= Flatness (art) =

In art criticism of the 1960s and 1970s, flatness described the smoothness and absence of curvature or surface detail of a two-dimensional work of art.

==Views==
Critic Clement Greenberg believed that flatness, or two-dimensionality, was an essential and desirable quality in painting, a criterion which implies rejection of painterliness and impasto. The valorization of flatness led to a number of art movements, including minimalism and post-painterly abstractionism.

Modernism in the arts appeared during the second half of the 19th century and extended into most of the 20th. This period of art is identified by art forms consisting of an image on a flat two-dimensional surface. This art evolution began in the 1860s and culminated 50 years later. By this time almost all three-dimensional works had been eliminated. This new approach to painting was to create a visual appearance of realism. Looking at a surface with only two dimensions our perception of depth is an illusion. The reduction of depth in painting was the consequence of investigation. This new essence of self-analysis attempted to establish an experience or effect from the viewer of the painting.

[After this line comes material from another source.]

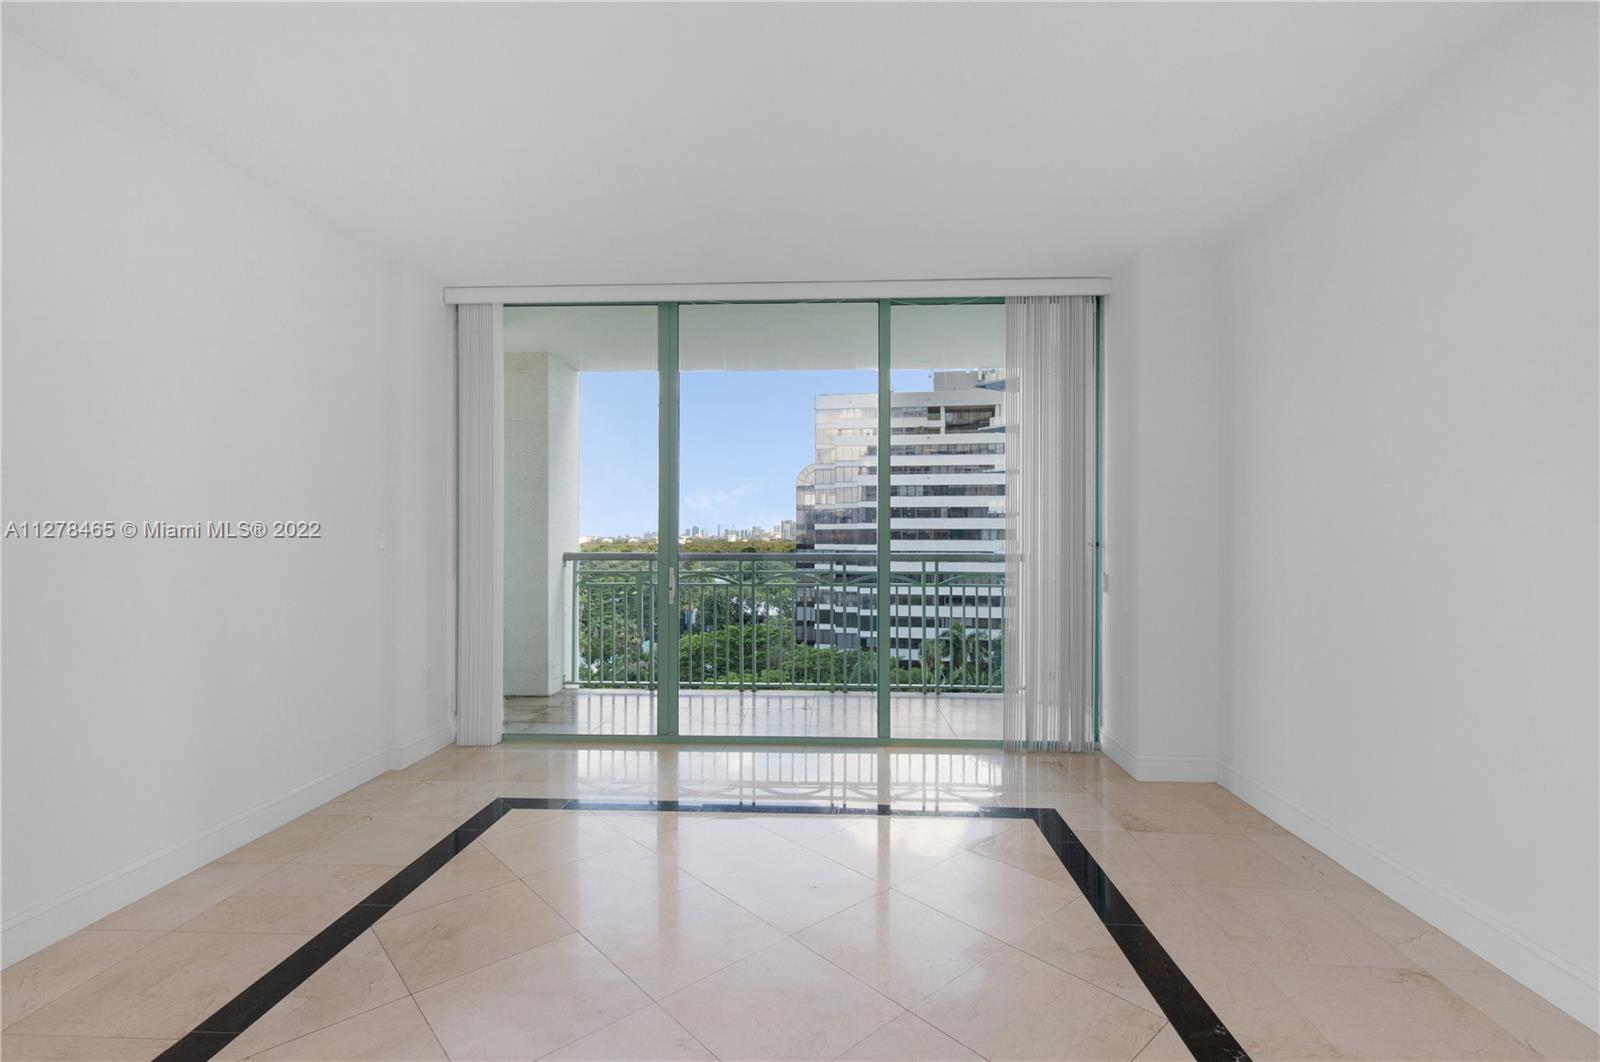 Unfurnished 1 bedroom residence with 1.5 baths at the Ritz-Carlton Coconut Grove. Beautiful water view from the
balcony. Marble flooring in the living room and bathrooms, carpet in the bedroom. Enjoy the Coconut Grove vibe
with parks, marina, restaurants and shopping nearby.

==Terminology and history==
The term flatness can be used to describe much of the popular American art work of the 1950s and 1960s. The art of this period had a basic yet colorful design that held a degree of two dimensional form. Thus the term flatness is used to describe this medium. The groundwork idea for Minimalism began in Russia in 1913 when Kazimir Malevich placed a black square on a white background claiming that:
Art no longer cares to serve the state and religion it no longer wishes to illustrate the history of manners, it wants to have nothing further to do with the object as such, and believes that it can exist in and for itself without things.

One of the first Minimalism artworks was created in 1964 by Dan Flavin. He produced a neon sculpture titled Monument for V. Tatlin. This work was a simplistic assembly of neon tubes that were not carved or constructed in any way. The idea was that they were not supposed to symbolize anything but to just merely exist. The Minimalist approach to art was to conceive by the mind before execution. Traditional modes of art composition were rejected in favor of improvisation, spontaneity and automatism. This new expressionist style consisted of improvised pattern making where every stroke of the brush was viewed as expression and subjective freedom.

==Pop Art==
This concept inspired a whole new art form called Pop Art. It retained the color scheme and simplicity of Minimalism, but it borrowed images from pop culture to become relatable. The works now in question held a meaning for the viewer with familiar imagery but it still retained the avant-garde approach of Minimalism. Pop Art is a well-recognized movement in 1960s culture. This type of art was very free-form fashionable and rebellious. It was wild and colorful but many works retained the idea of two dimensional flatness.

==Op Art==
Pop Art fell out of fashion and a new movement came into being. Op Art or Optic Art was now the latest trend in home décor and fashion. This form of modern art shares a strong relationship with the culture thought and design of the 1960s. This new art form focused on non-objective painting that focused on design, color, form, and line. These paintings were hand-drawn or created with a mechanical aid. They featured a flat-looking two dimensional design that could appear to pop out in an almost three dimensional form. Some pieces look as if they are moving due to shape and line placement creating a trick of the eye. This form of art was created to test the limits of the conscious perception of the viewer.

Bright colors were no longer favored, as much of Op Art is black and white with little use of color. The designs presented migrated back to the Minimalist idea of art simply existing and not representing an ideal. A well noted artist of this style is Bridget Riley who shaped the contemporary art scene of the early 50s and 70s. Her works are designed to pull the eye in such a way to stretch and disorder the perceptual sense. She is considered a ground-breaking artist in the realm of modern art. Her work mainly consists of detailed line and circle patterns to create an optical challenge for the viewer.

Riley composes her art with the thought in mind that we all have a narrow view on how we see things and our vision is rarely stretched to new abilities. Her work confronts the observer with new imaginative sensations, and the overall purpose of the artist's disappears and is replaced with what the viewer conceives. This form of art has no clear outlined theme therefore it allows total freedom for one to compose their imagination. Riley's work ignores object and instead focuses on visual movement to create a seemingly endless pattern. Riley's art appeared in the fashion of that era. Similar patterns still remain popular in clothing today.